The Alzheimer’s Foundation of America estimates that roughly 5.1 million Americans suffer from the neurodegenerative disease, and the incidences of Alzheimer’s are increasing every year. It may not be a normal part of aging, but the Alzheimer’s risk doubles every five years once you hit 65. It’s estimated that by 2050, roughly 20% of the U.S. population will suffer from Alzheimer’s. That’s a pretty terrifying thought.
But what if there was a way to protect your brain against it? What if it was something as simple as walking for a few minutes every day? I’d do it, no questions asked.
A team of researchers from the University of Maryland School of Public Health found new insights into the neuroprotective benefits of exercise. They examined how walking helped to protect the brains of adults between the ages of 60 and 88, especially those already suffering from Alzheimer’s or mild cognitive impairment.

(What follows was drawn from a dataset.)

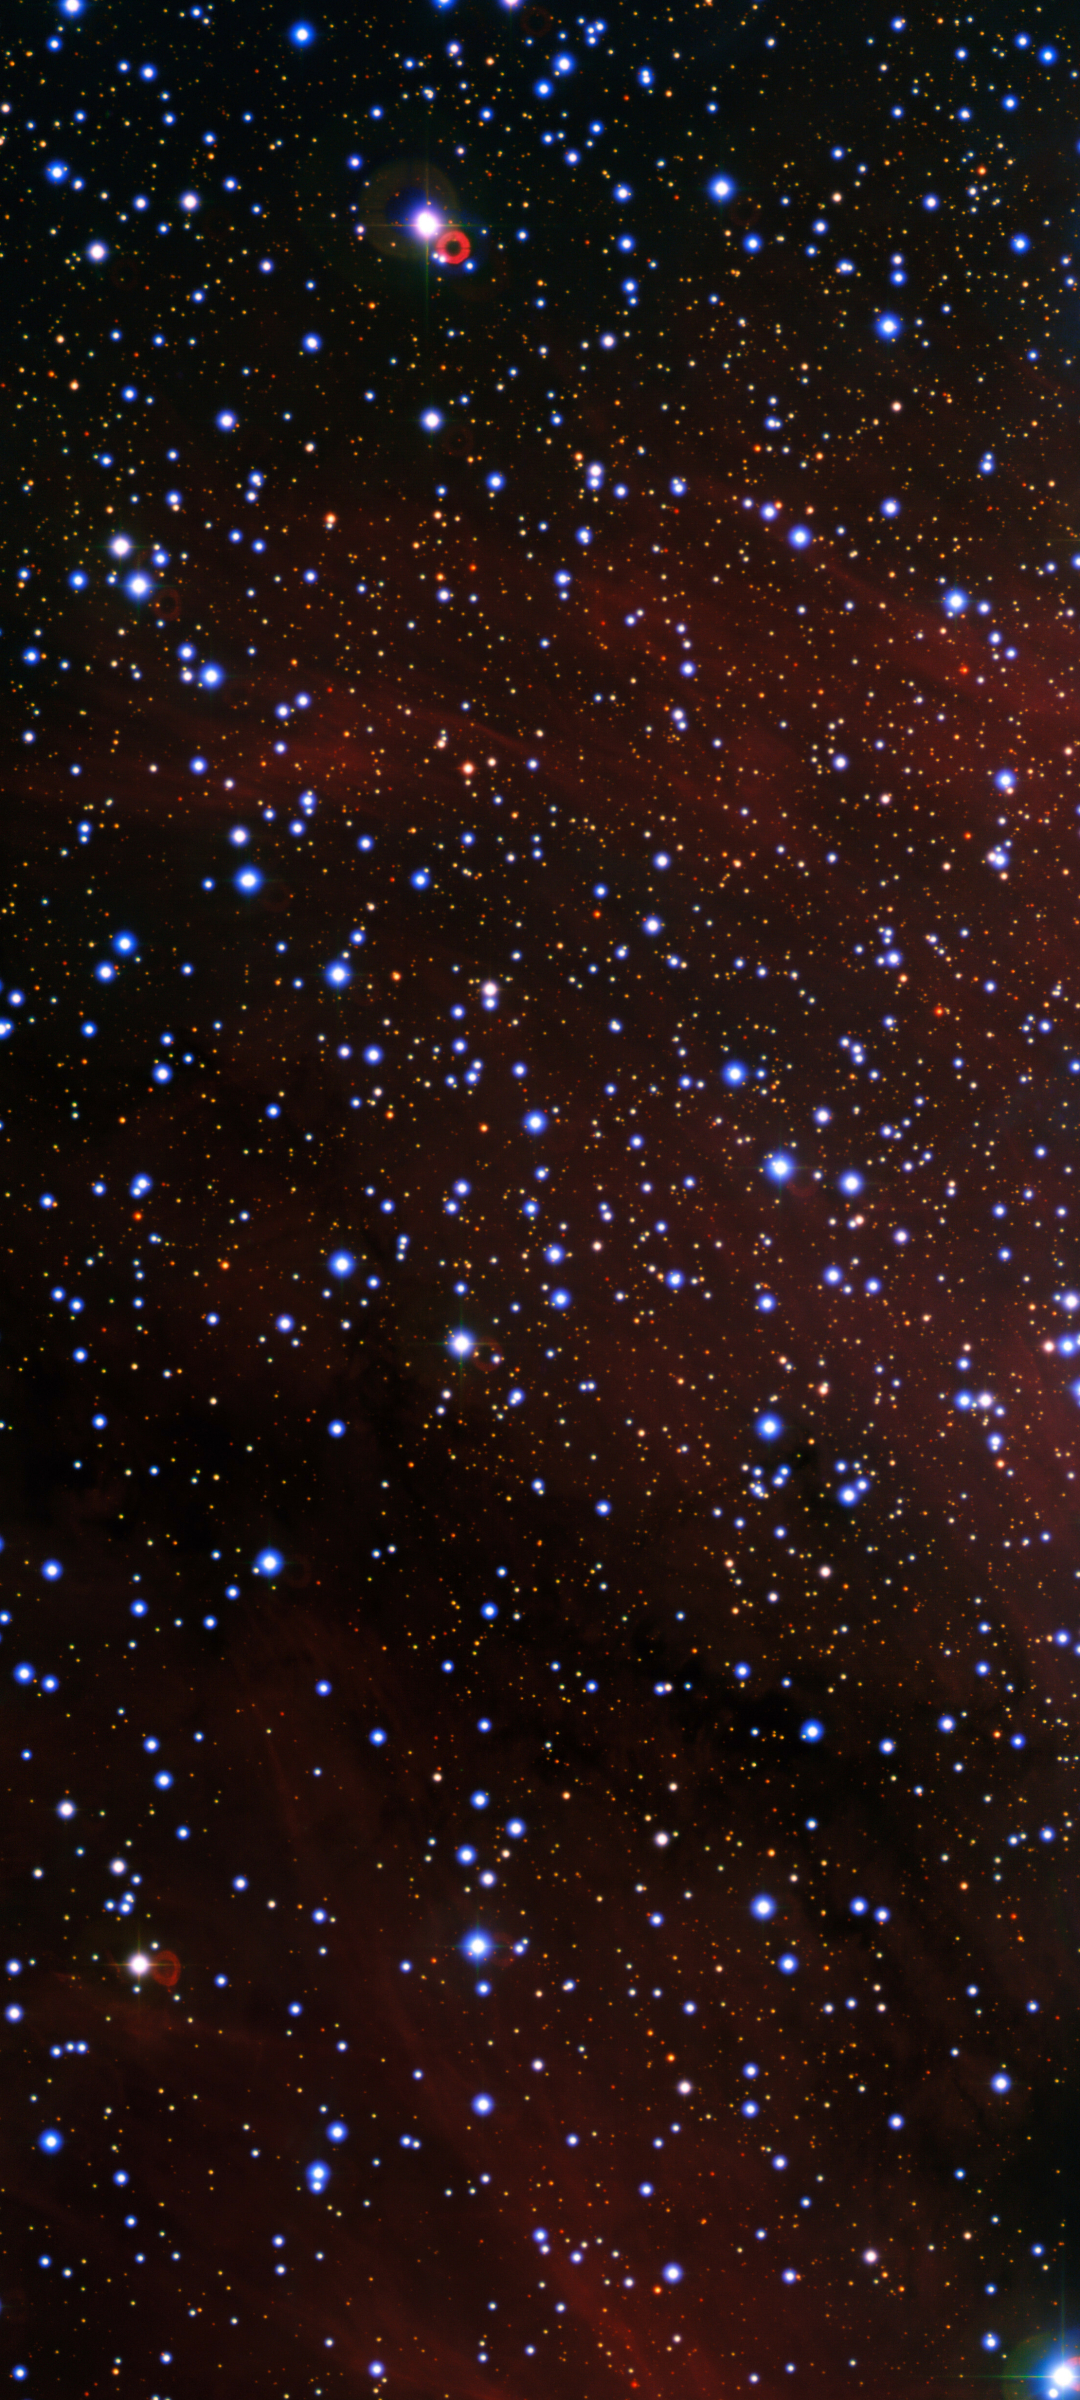 Open star cluster NGC 3293 by ESO
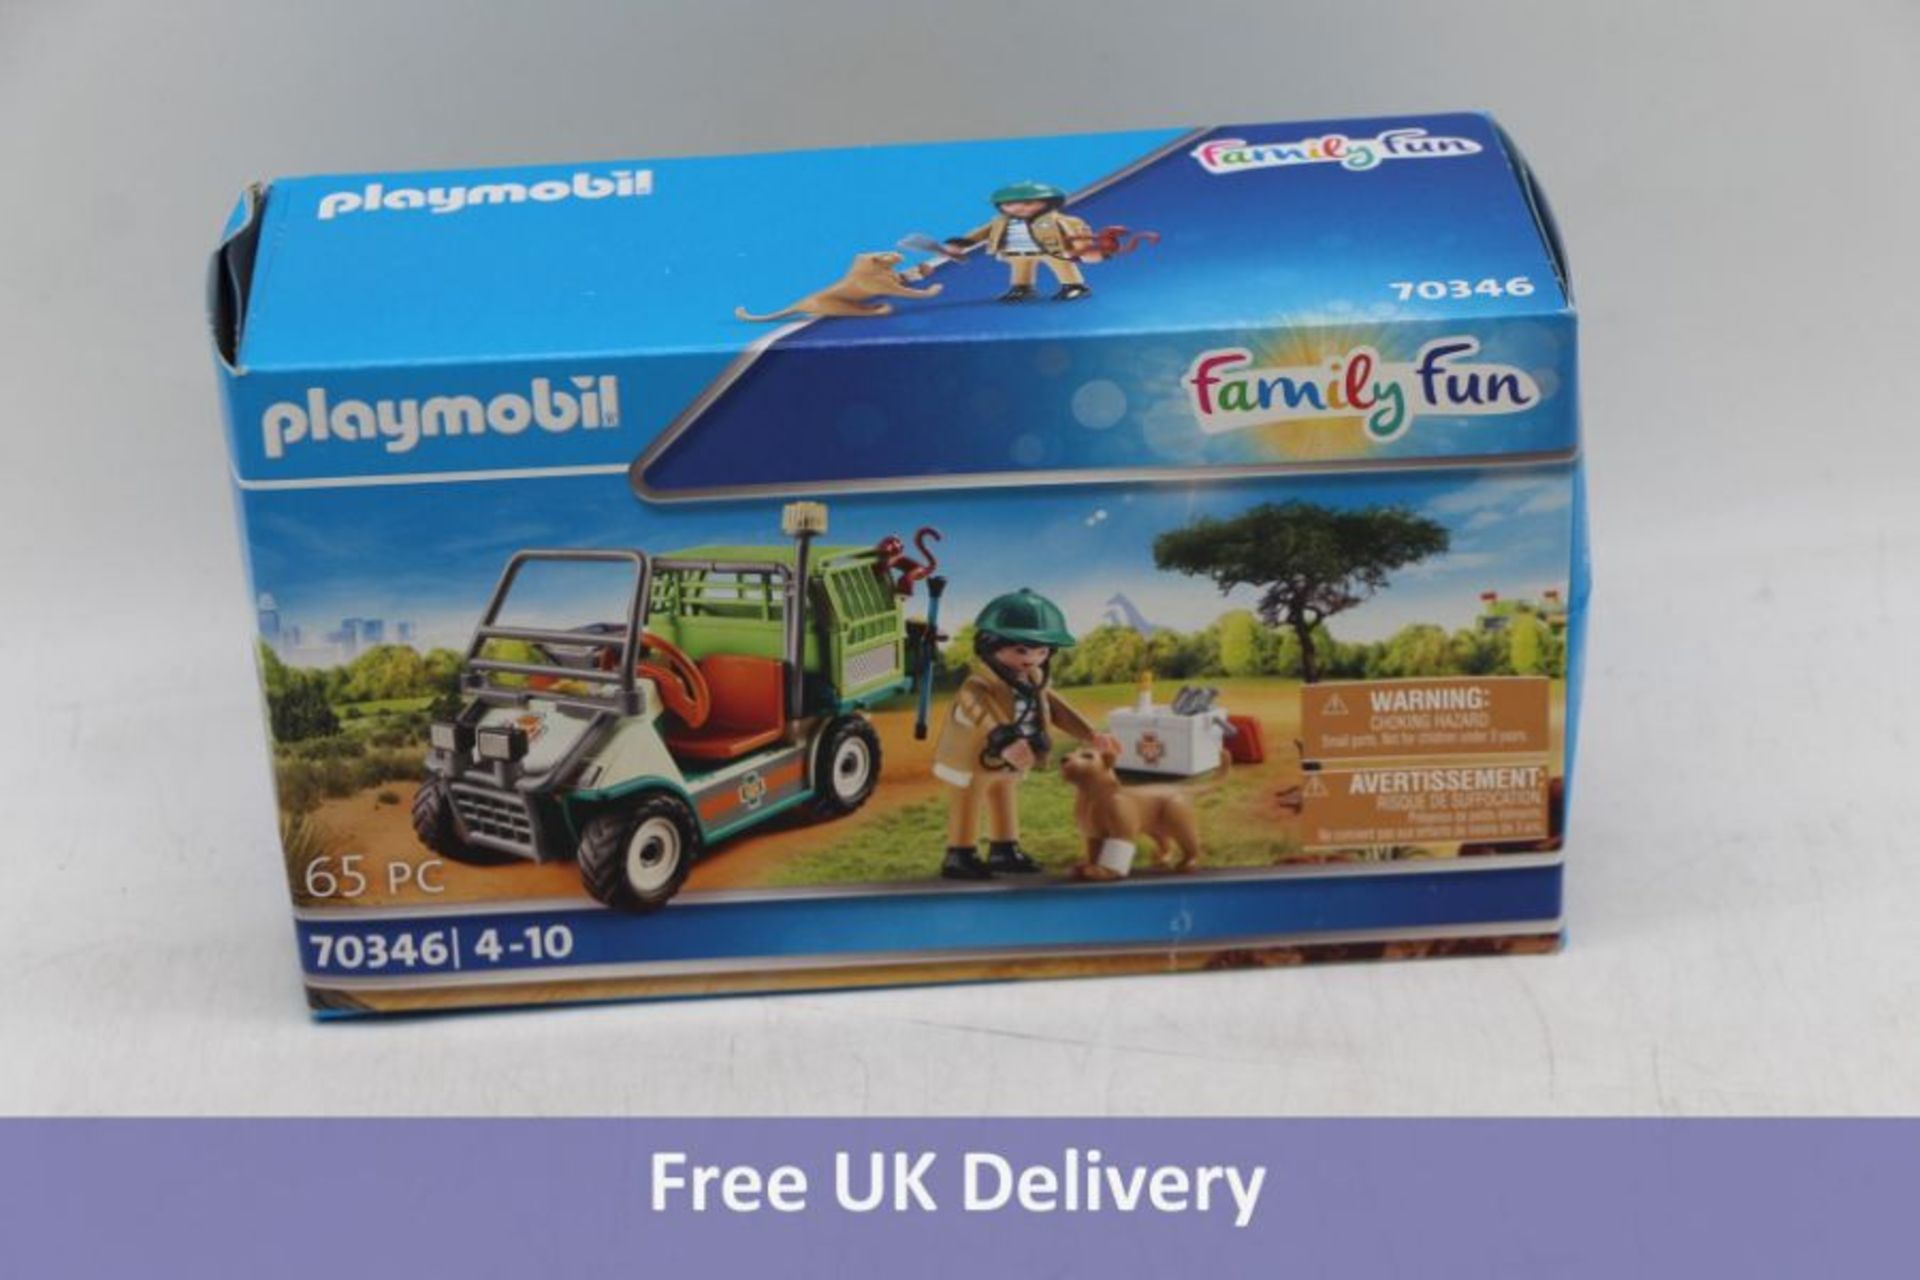 Three Playmobil Sets to include 1x Citylife, 70281, 1x Family Fun Zoo Vet with Medical Cart, 70346 a - Image 2 of 3

The posterior cingulate cortex (PCC)/precuneus region of the brain is a hub of neuronal networks that is responsible for passing signals not just through the brain, but the body at large. When this hub loses connectivity, memory loss occurs. One of the main causes of this connectivity loss is amyloid accumulation, one of the indicators of both mild cognitive impairment and Alzheimer’s.
But the researchers found that 30 minutes of walking (at 50-60% MaxHR) just four times a week led to significant improvement in PCI/precuneus connectivity. Both the control (healthy) and experimental (adults with mild cognitive impairment) groups were better able to remember a memorized list of words, but the increase in brain activity was only seen among the adults with cognitive impairment.
Basically, what this means is that exercise can help to re-establish lost connections in the brain and encourage better connectivity. This could enable the brain to compensate for pathway loss resulting from Alzheimer’s. The brain could form new pathways to access and store memories, even if the primary pathways are disconnected as a result of cognitive impairment.
There is hope that exercise can also stimulate brain plasticity and restore communication in brain regions affected by Alzheimer’s disease. While the findings don’t indicate that walking can reverse cognitive impairment, it may be able to help the brain compensate for it.
What have you got to lose? Just a few hours of walking a week can make a significant difference in your brain function, so put on those walking shoes and get out of the house.
1. Theresa J. Chirles, Katherine Reiter, Lauren R. Weiss, Alfonso J. Alfini, Kristy A. Nielson, J. Carson Smith. “Exercise Training and Functional Connectivity Changes in Mild Cognitive Impairment and Healthy Elders.” Journal of Alzheimer’s Disease, May 2017.